I’ve never been the sort of person to make a big deal about my own birthday. I always joke that nothing can ever top my golden birthday (turning 8 on February 8th) at the Universal Skating Rink in Orlando, Florida. My third grade guest list was awesome, the popcorn and pretzels were delicious, and I believe this may have been the first time I ever had ice cream cake. My parents couldn’t have done a better job!
This year, I was pleasantly surprised by a random act of kindness from my good friend Carolyn. A few days after my birthday I found a gorgeous cookbook and a post-it wishing me a happy belated 28th birthday sitting on my desk.
Now, when I say this cookbook is fabulous, it’s kind of an understatement. Skinnytaste Fast and Slow has nutrition facts, allergy notes (mostly pertaining to gluten), a nice variety of regional cuisines, plus plenty of meat and meatless options. Best of all, the recipes are super straightforward and concise. (As much as I enjoy trying new things, I’ve realized I have little patience for longwinded recipes.)
Since Jon and I both love Asian cuisine last weekend I finally busted out my cookbook for a little inspiration. The Slow Cooker Bahn Mi Rice Bowl recipe was literally everything I hoped. It was a little spicy, a little sweet, and required very little effort on my part.
I have provided an adapted version of Gina Homolka’s recipe below. If you like what you see here, I suggest grabbing this book for yourself or gifting it to a friend!
P O R K B A H N M I B O W L
Ingredients
1 Pound pork tenderloin
1/4 Teaspoon kosher Salt
1/8 Teaspoon black pepper
1/4 Cup soy sauce (Skinnytaste recommends low sodium but I used the regular stuff since that’s what I had in house)
1 Tablespoon light brown sugar
1/2 Teaspoon Kosher Salt
3 Cloves garlic
6 Tablespoons distilled white vinegar
1/4 Cup white granulated sugar
1 Cup shredded carrots
2 Radishes
1/2 Cup red onion (optional)
1 Cup red cabbage
3 Cups brown rice
1 Cup english cucumbers
2 Jalapeno peppers
1/4 Cup fresh cilantro
Process
For the Pork
1. Set crock pot to low and place the tenderloin inside. Add soy sauce, brown sugar, 1/4 teaspoon salt, pepper, and jalapeño. Cover the crockpot and let this cook for 6 – 8 hours.

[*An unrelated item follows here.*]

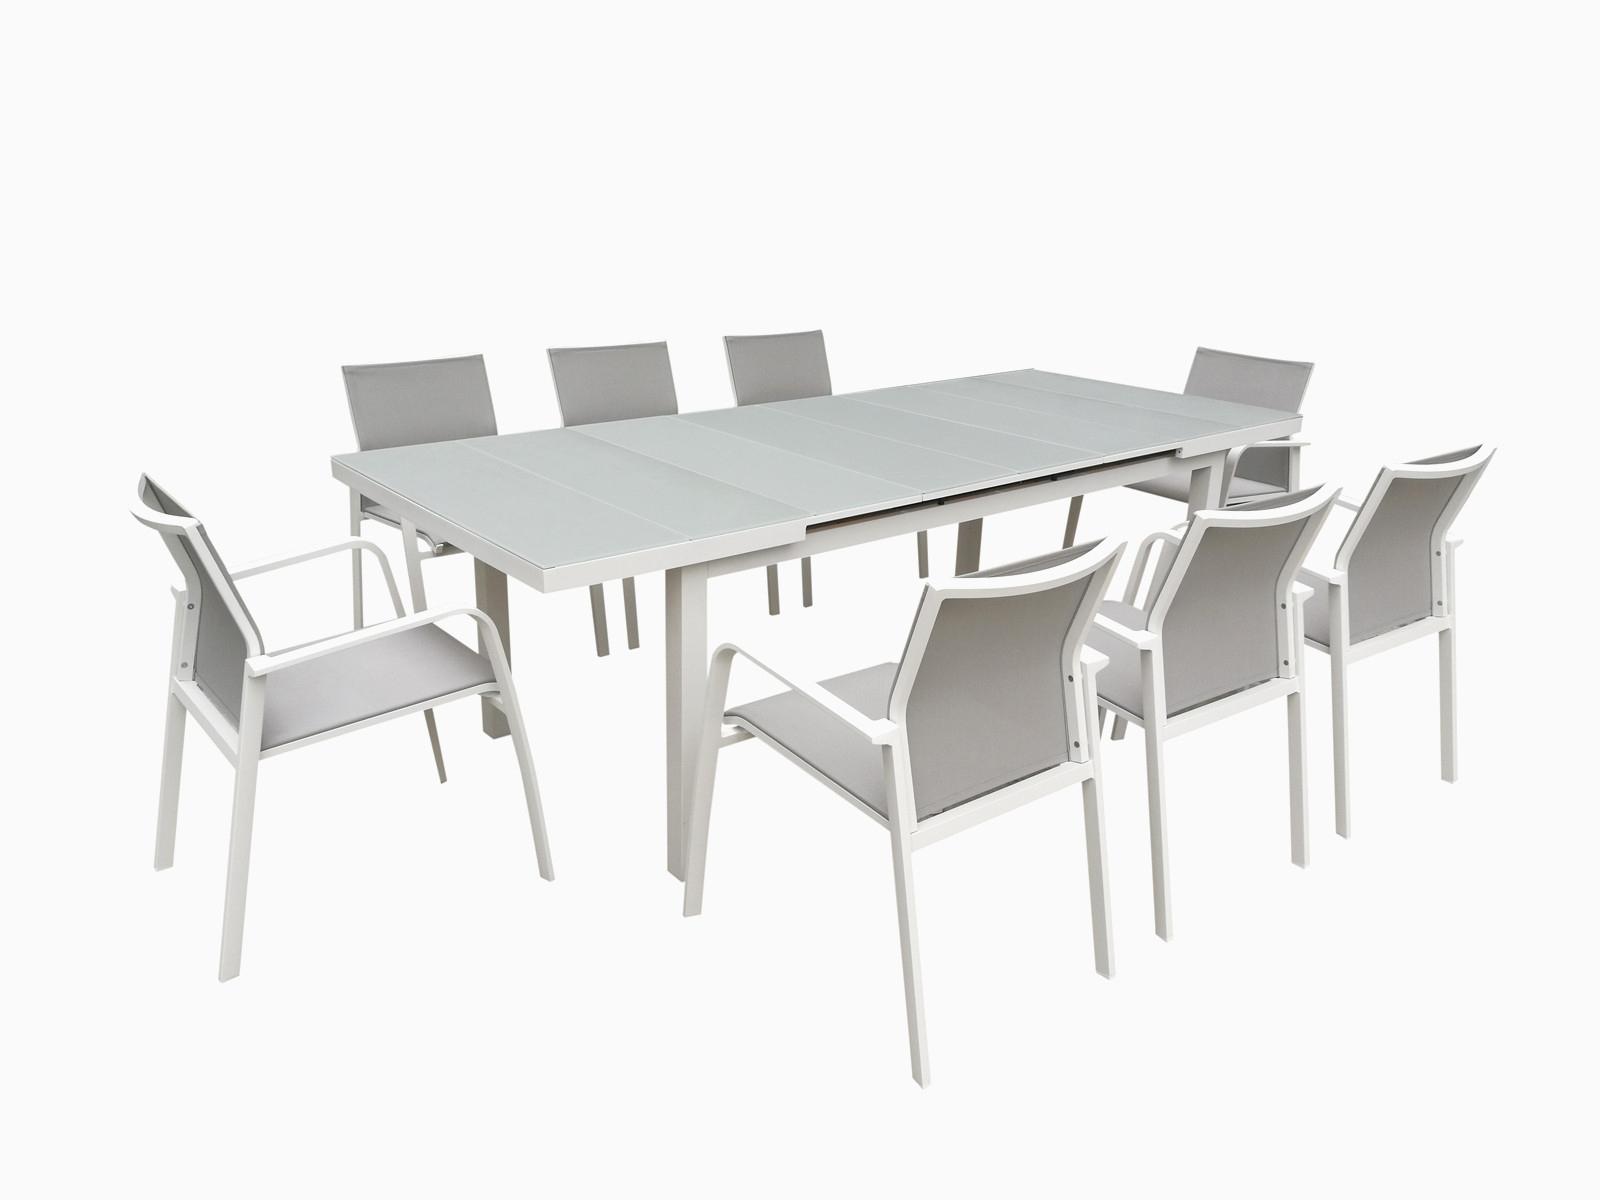 Table De Jardin Avec Chaise Pas Cher - Canalcncarauca pour Tables De Jardin Pas Cher

2. When the pork is fully cooked, use a fork to shred the meat.
For the Pickled Veggies
1. In a medium to large size container add vinegar, sugar, 1/4 teaspoon salt, carrots, sliced onion (optional), sliced radishes and any other desirable veggies. Seal the container tight and refrigerate for least 3hrs (I prepared mine the night before).
For the Bowl
1. Prepare 3cups of the rice of your choosing.
Time saver note: Jon and I used microwaveable rice (since it only takes 90 seconds). He used jasmine rice, I used a brown rice and quinoa medley— both were delicious.
2. Chop red cabbage into strips, cucumber into rounds, and cilantro into small pieces.
3. In a large bowl, scoop 1 serving of rice into the base of each bowl. Add pork, freshly chopped vegetables, and pickled veggies on top.